Fitting Distributions
Continuous Distributions
- Assessing Distributions Visually
- Formal Tests for Distribution Fit
- Maximum Likelihood calculation
Normal Distribution
library(nortest)
library(MASS)
## Draw some random data
set.seed(10)
x1 = rnorm(20)
## Distribution plots
par(mfrow = c(2, 2))
qqnorm(x1)
qqline(x1)
boxplot(x1, main = "Boxplot")
hist(x1, freq = FALSE, main = "Histogram with Density Curve")
lines(density(x1))
plot(ecdf(x1), main = "Empiracle CDF")
QQ plot indicates the data might be normal by remaining close to the line. The Box plot, histogram, and density curve all support this assumption.
Formal tests all agree that the data are from the normal distribution. Shapiro Wilk is considered the best for test for testing normality.

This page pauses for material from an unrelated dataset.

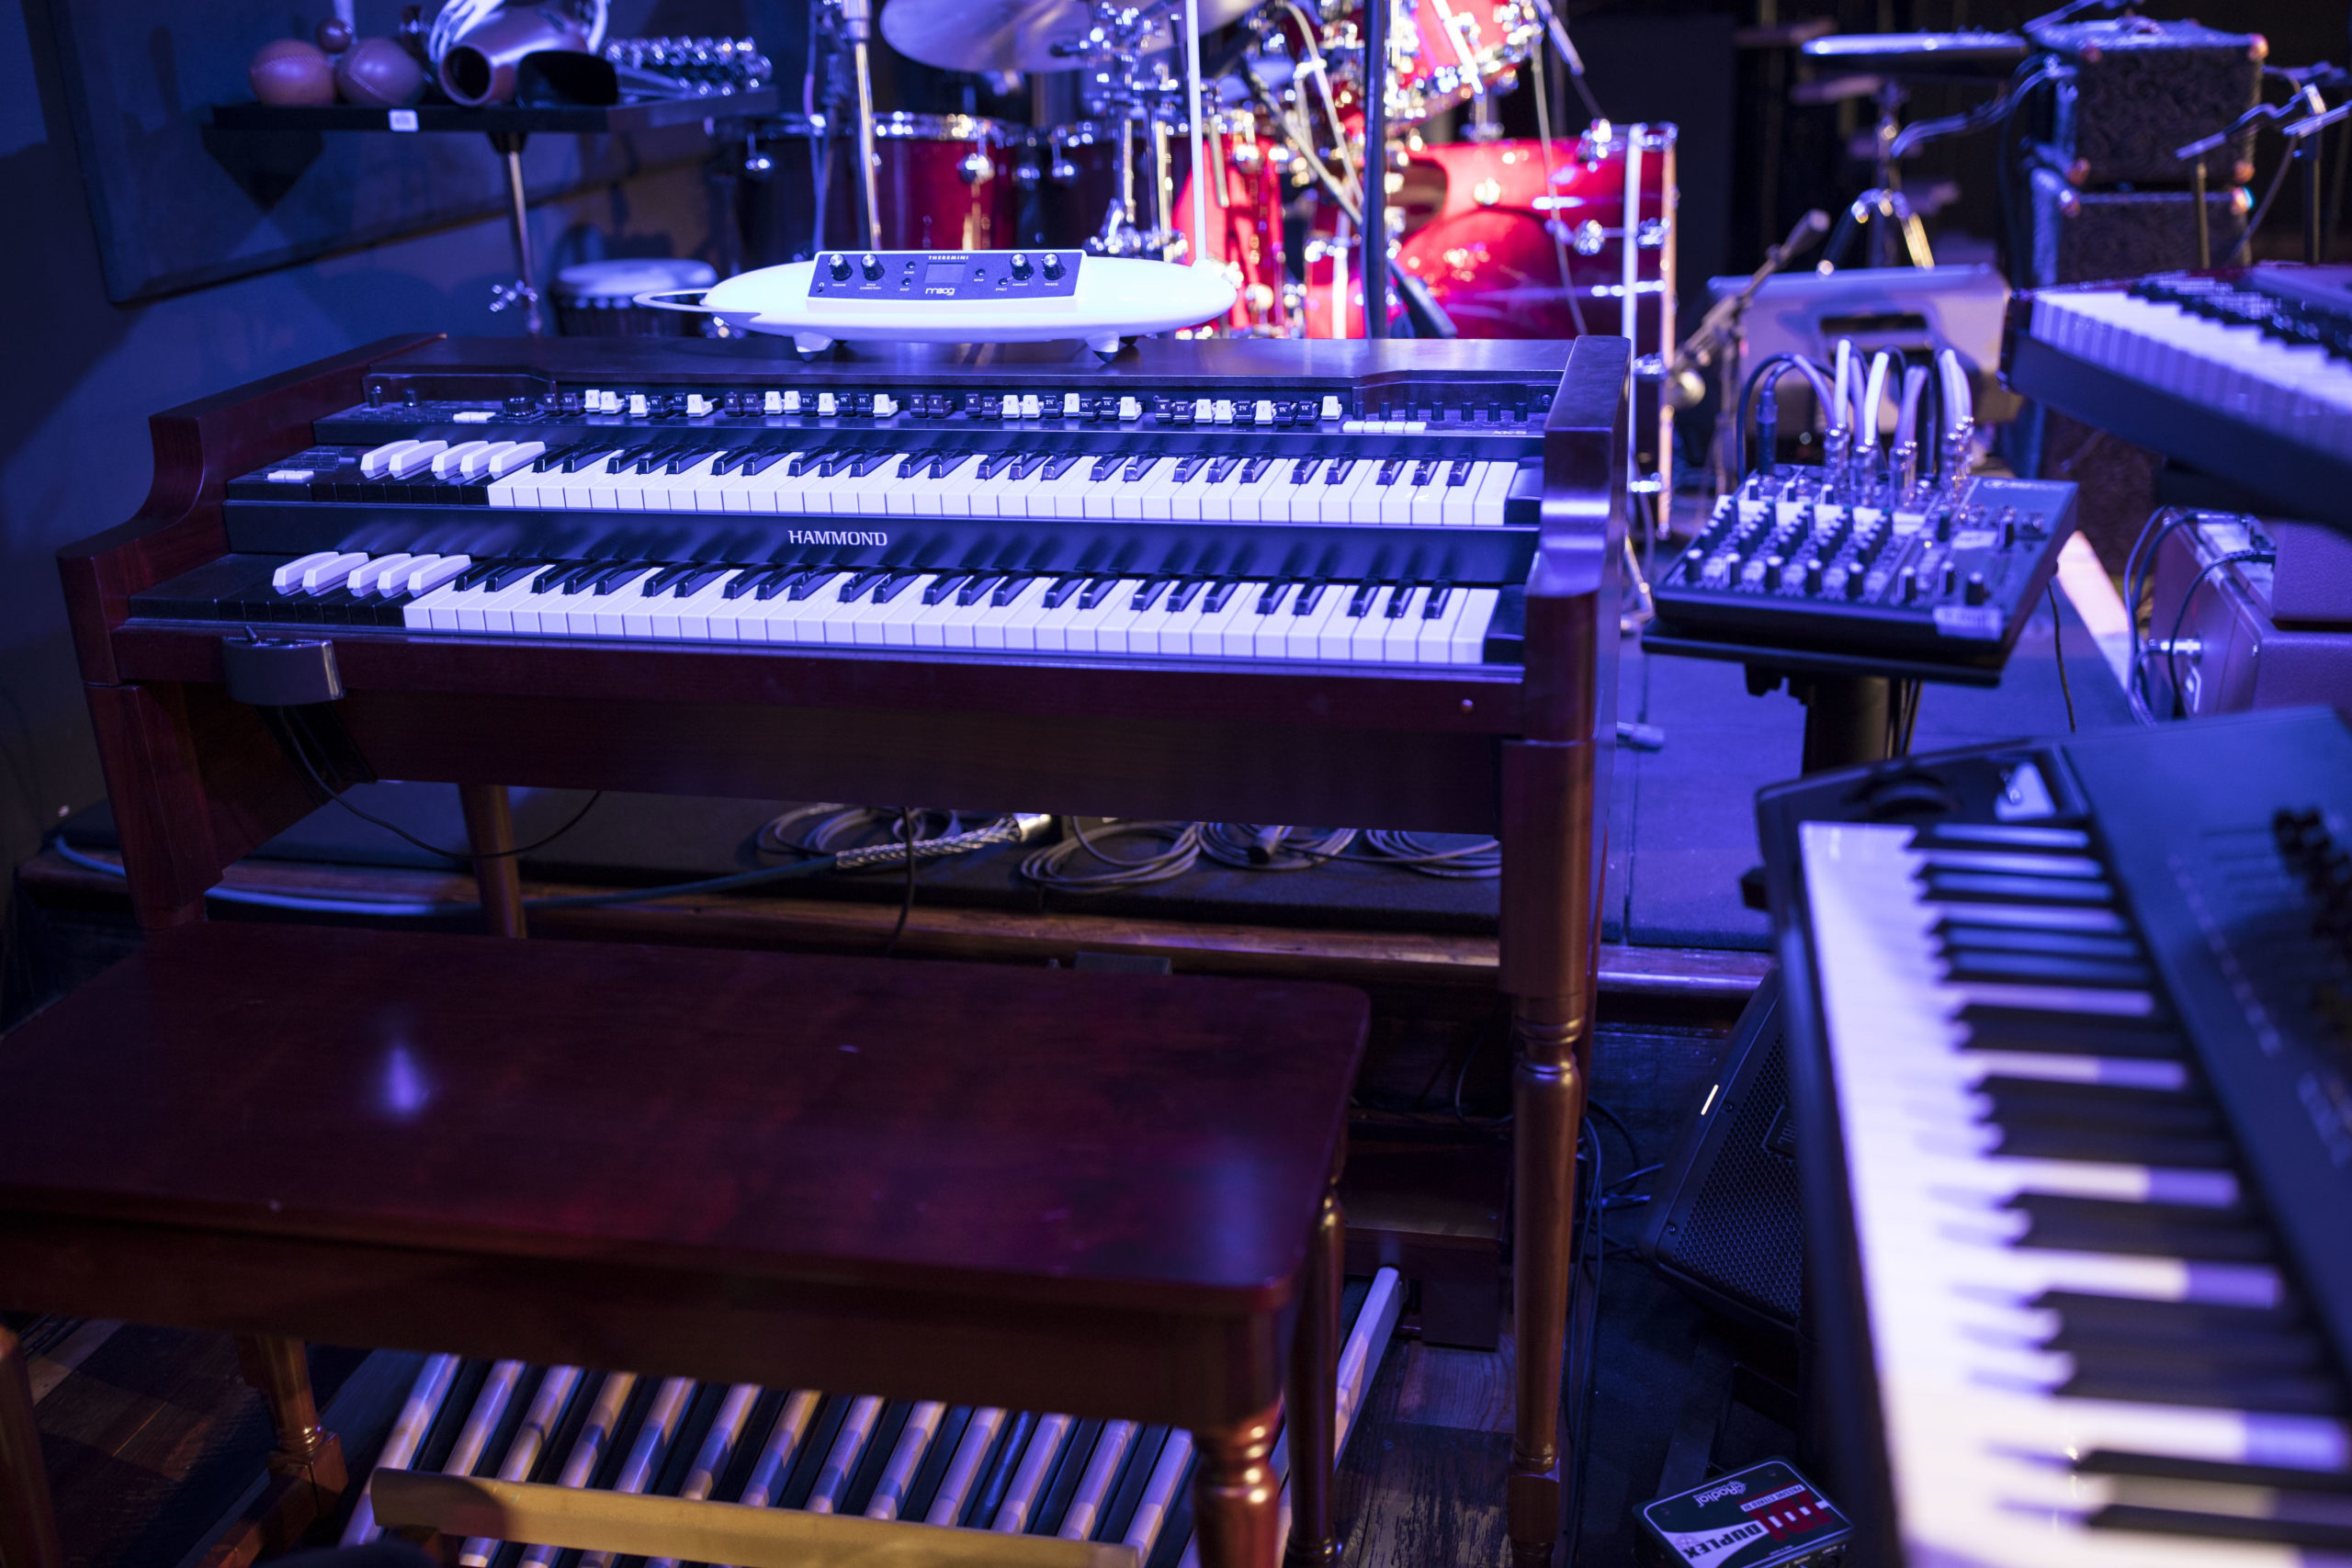 keyboards, live music event, piano, instruments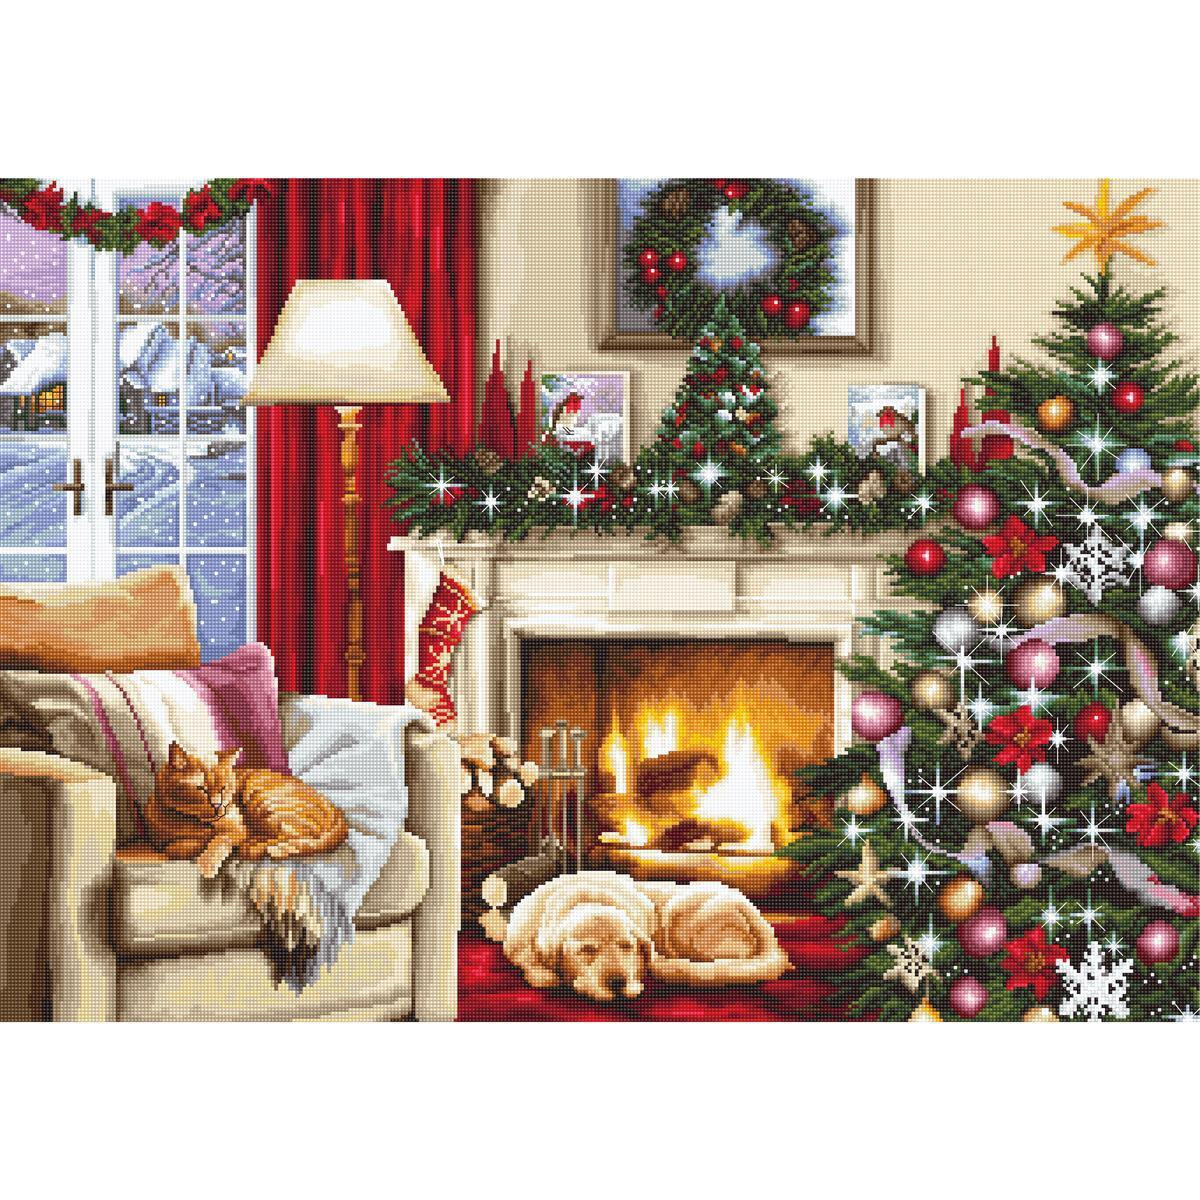 Luca-s counted cross stitch kit "Christmas...

Shapiro-Wilk normality test
data: x1
W = 0.95643, p-value = 0.4753
Anderson-Darling normality test
data: x1
A = 0.27523, p-value = 0.6216
One-sample Kolmogorov-Smirnov test
data: x1
D = 0.13528, p-value = 0.8109
alternative hypothesis: two-sided
Chi-squared Distribution
## Draw some random data
set.seed(10)
x2 = rchisq(n = 20, 2)
## Estimate the DF parameter by maximum likelihood
fitdistr(x = x2, dchisq, start = list(df = 2))
df
1.8140625
(0.3244201)
One-sample Kolmogorov-Smirnov test
data: x2
D = 0.15608, p-value = 0.6584
alternative hypothesis: two-sided
## Distribution plots
par(mfrow = c(2, 2))
qqplot(qchisq(ppoints(20), df = 1.8140625), x2, main = "QQ Plot")
qqline(x2, distribution = function(p) qchisq(p, df = 1.8140625))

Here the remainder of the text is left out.